◆ **DATA EXCERPT**
---+---
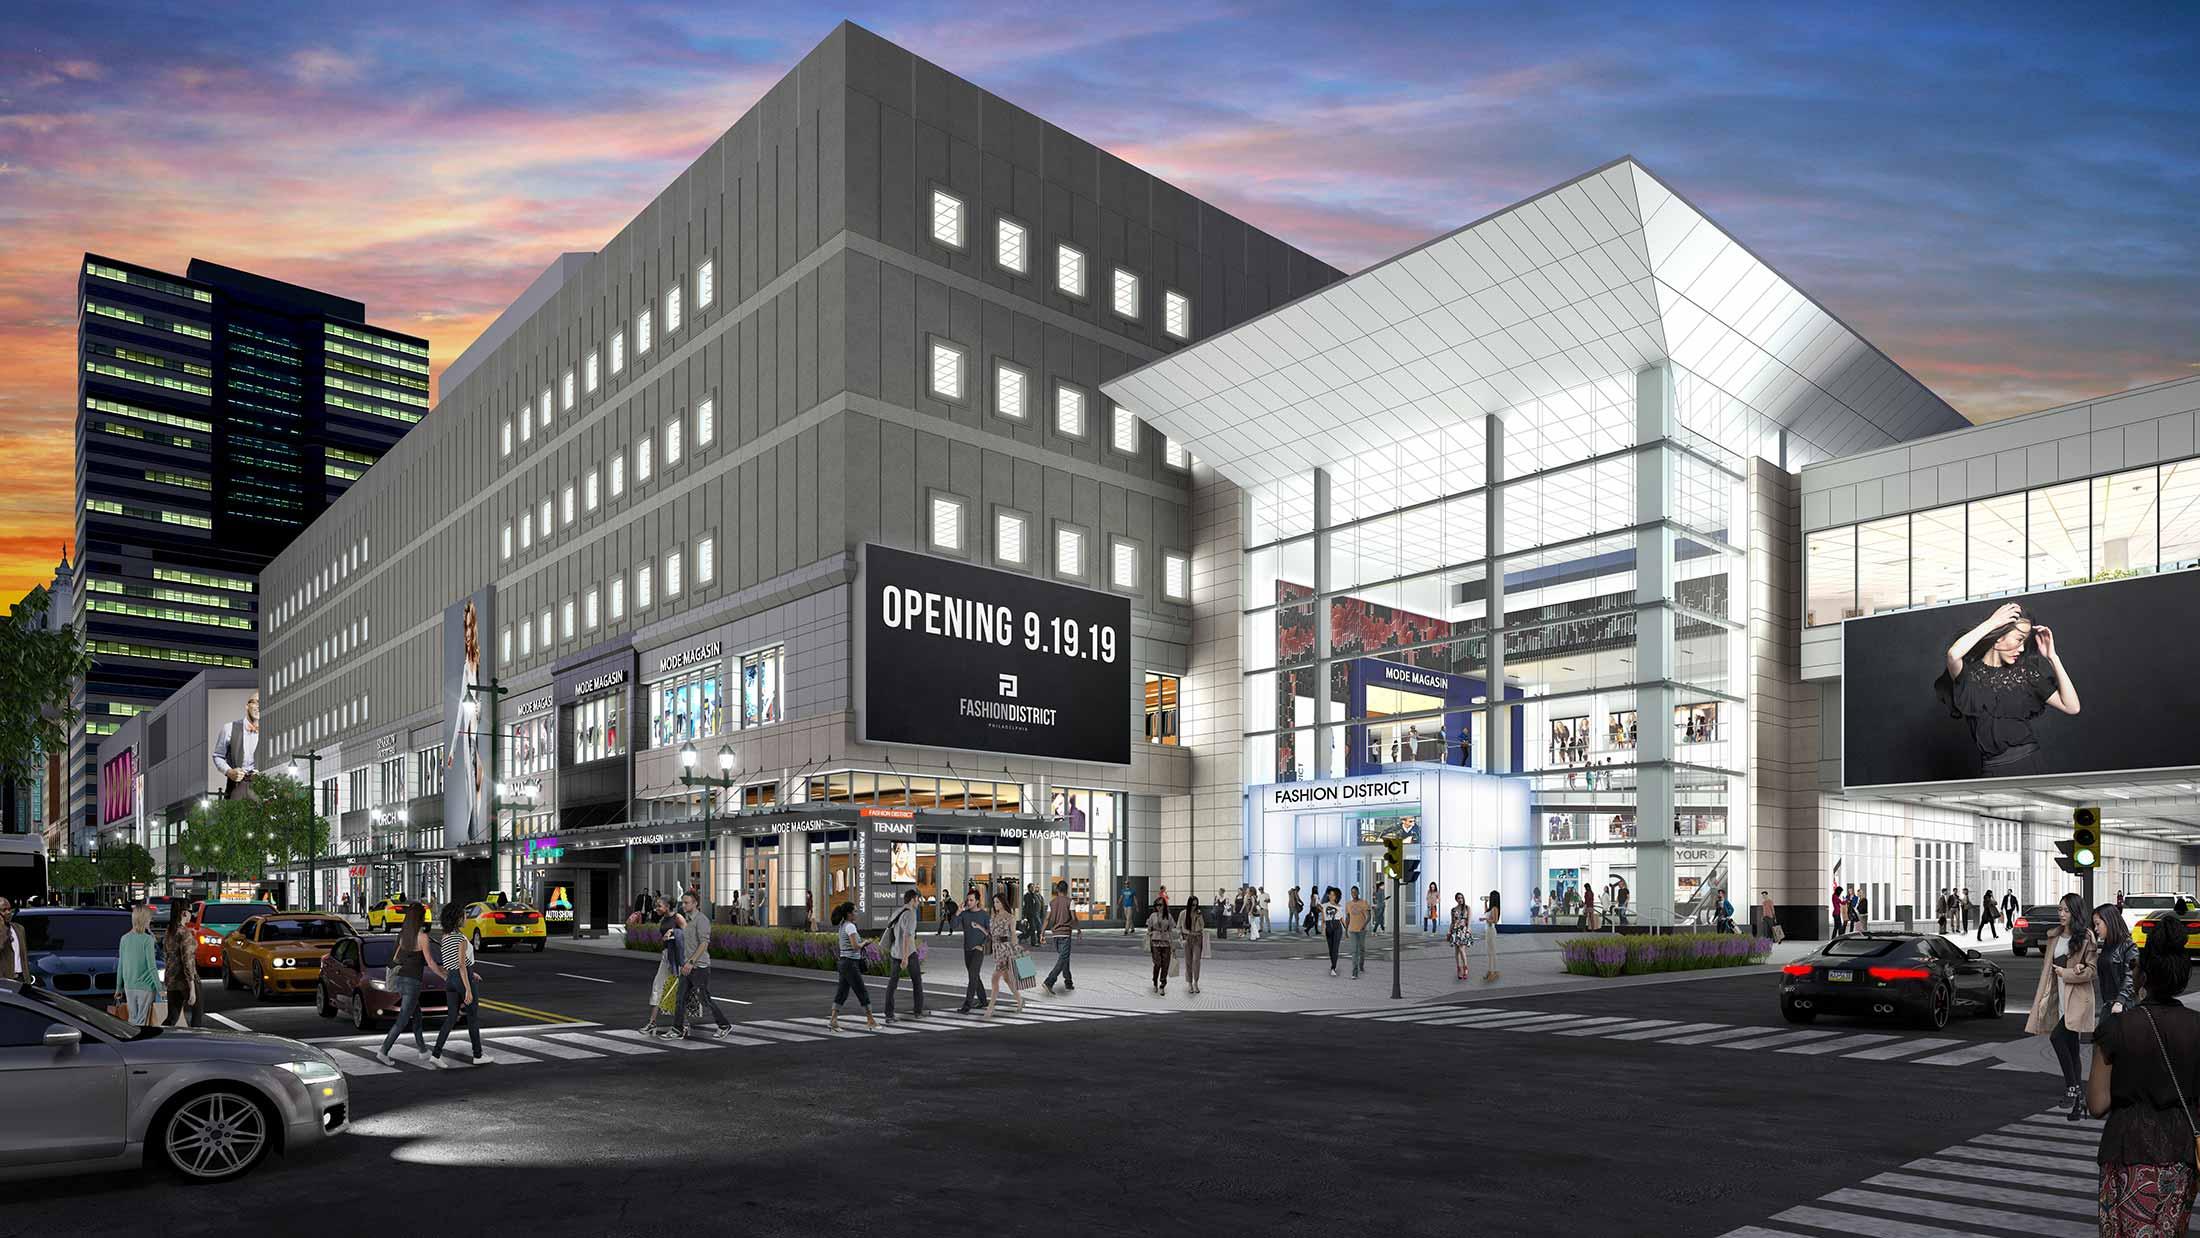 rendering of Fashion District Philadelphia exterior at night
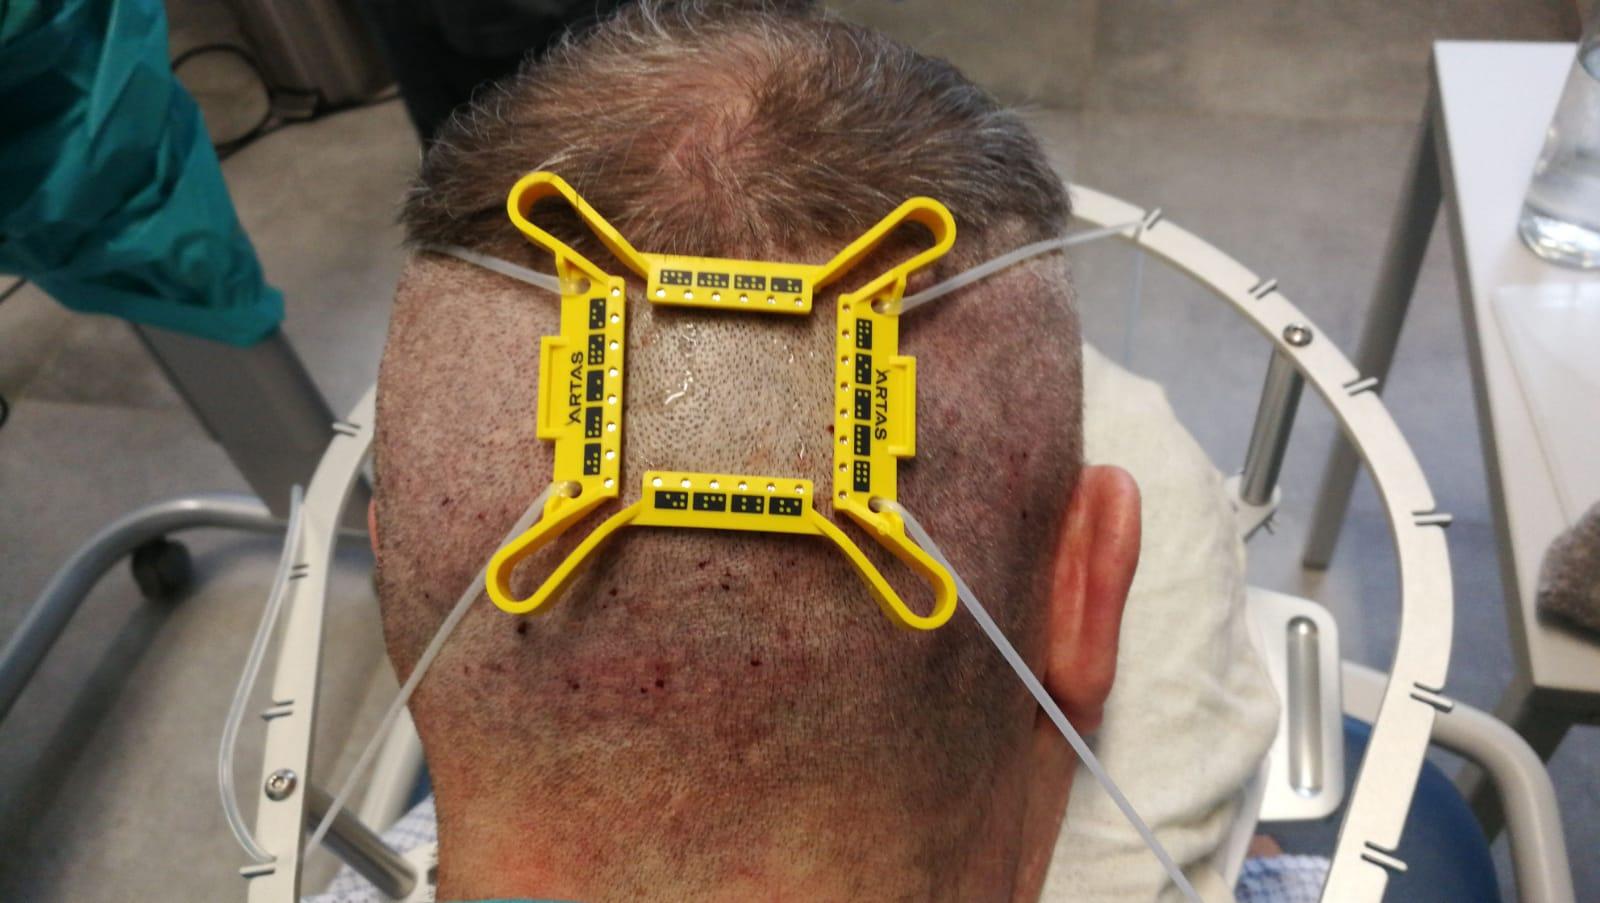 Haartransplantation mit dem ARTAS-Roboter
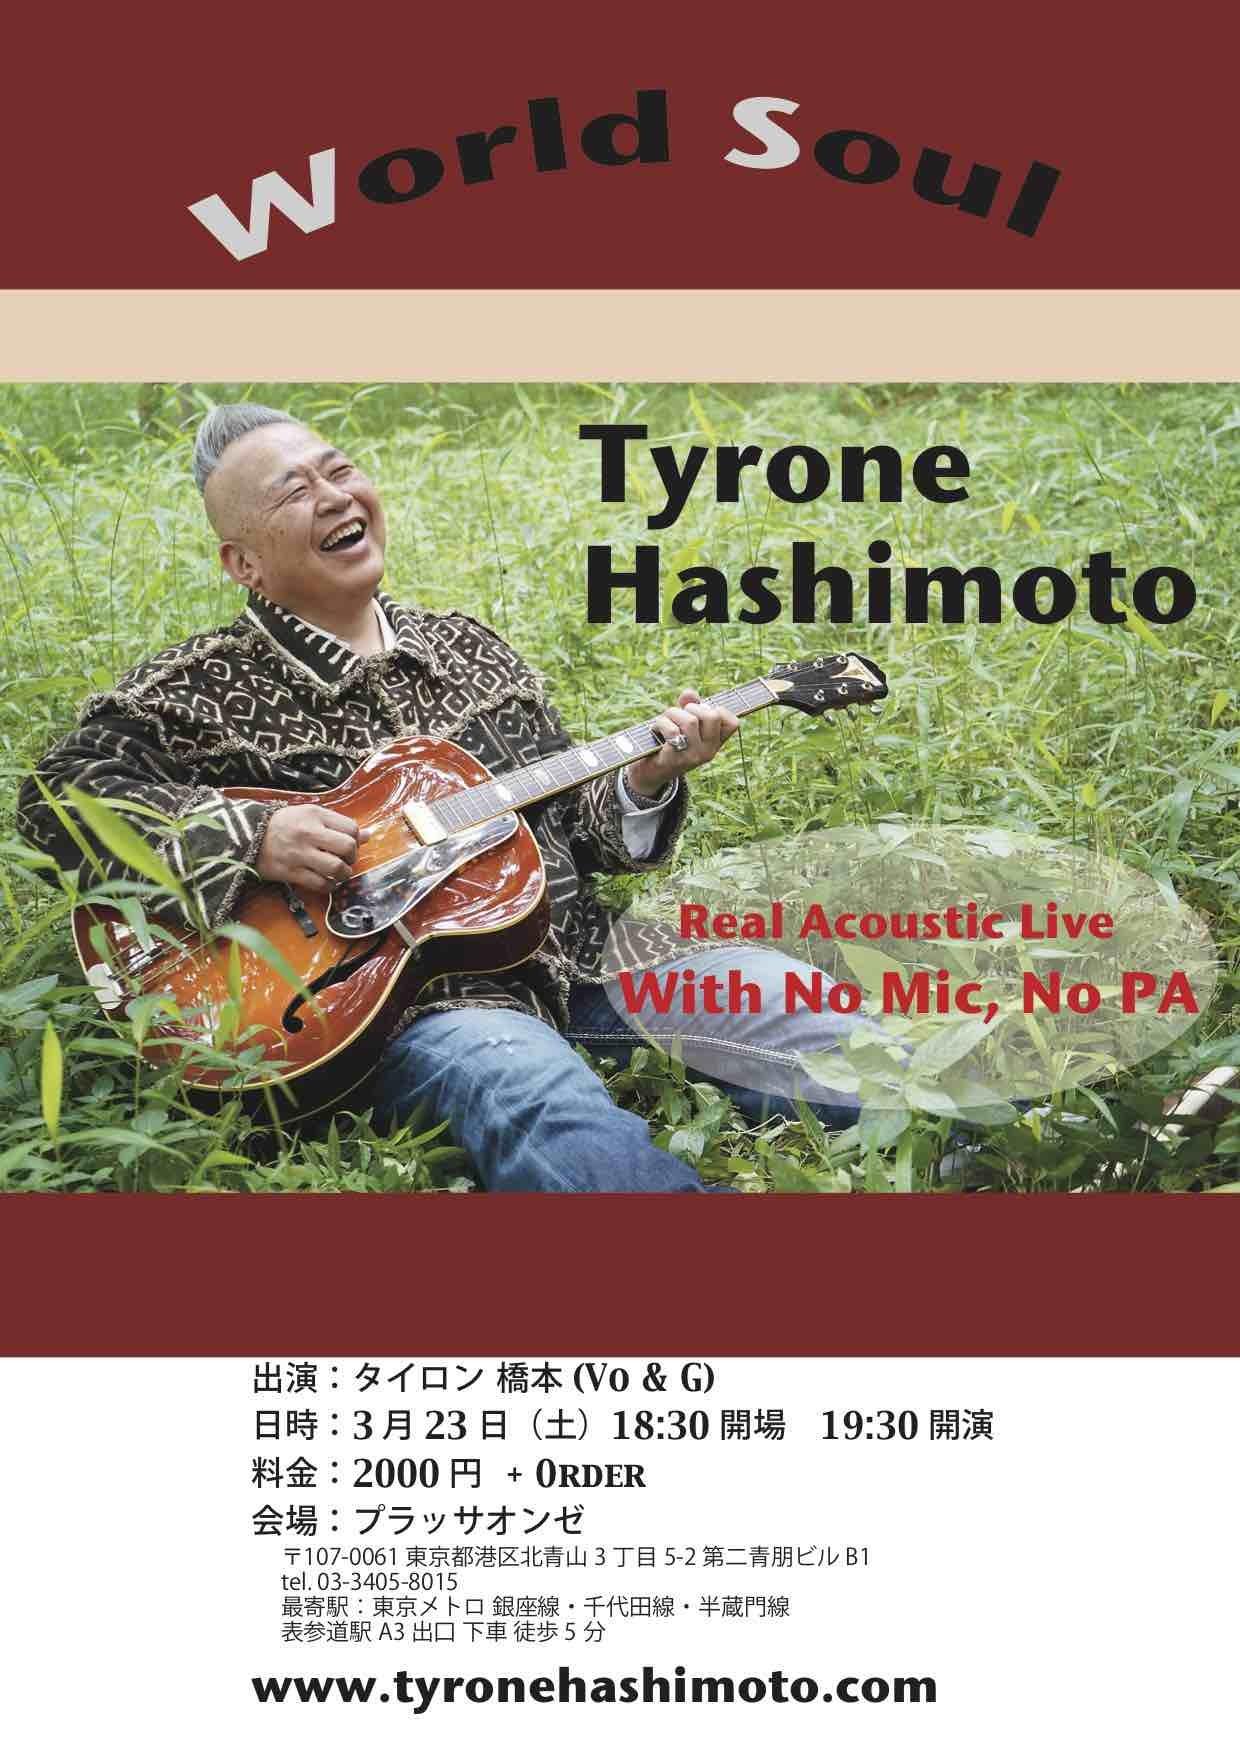 Tyrone Hashimoto 3月 ライブ情報_c0368808_06032803.jpg
---+---
◆ **TASK ITEM**
Each line of the data above needs to be retyped as it is, without any picture.

◆ **EXERCISE OUTPUT**
 rendering of Fashion District Philadelphia exterior at night
 Haartransplantation mit dem ARTAS-Roboter
 Tyrone Hashimoto 3月 ライブ情報_c0368808_06032803.jpg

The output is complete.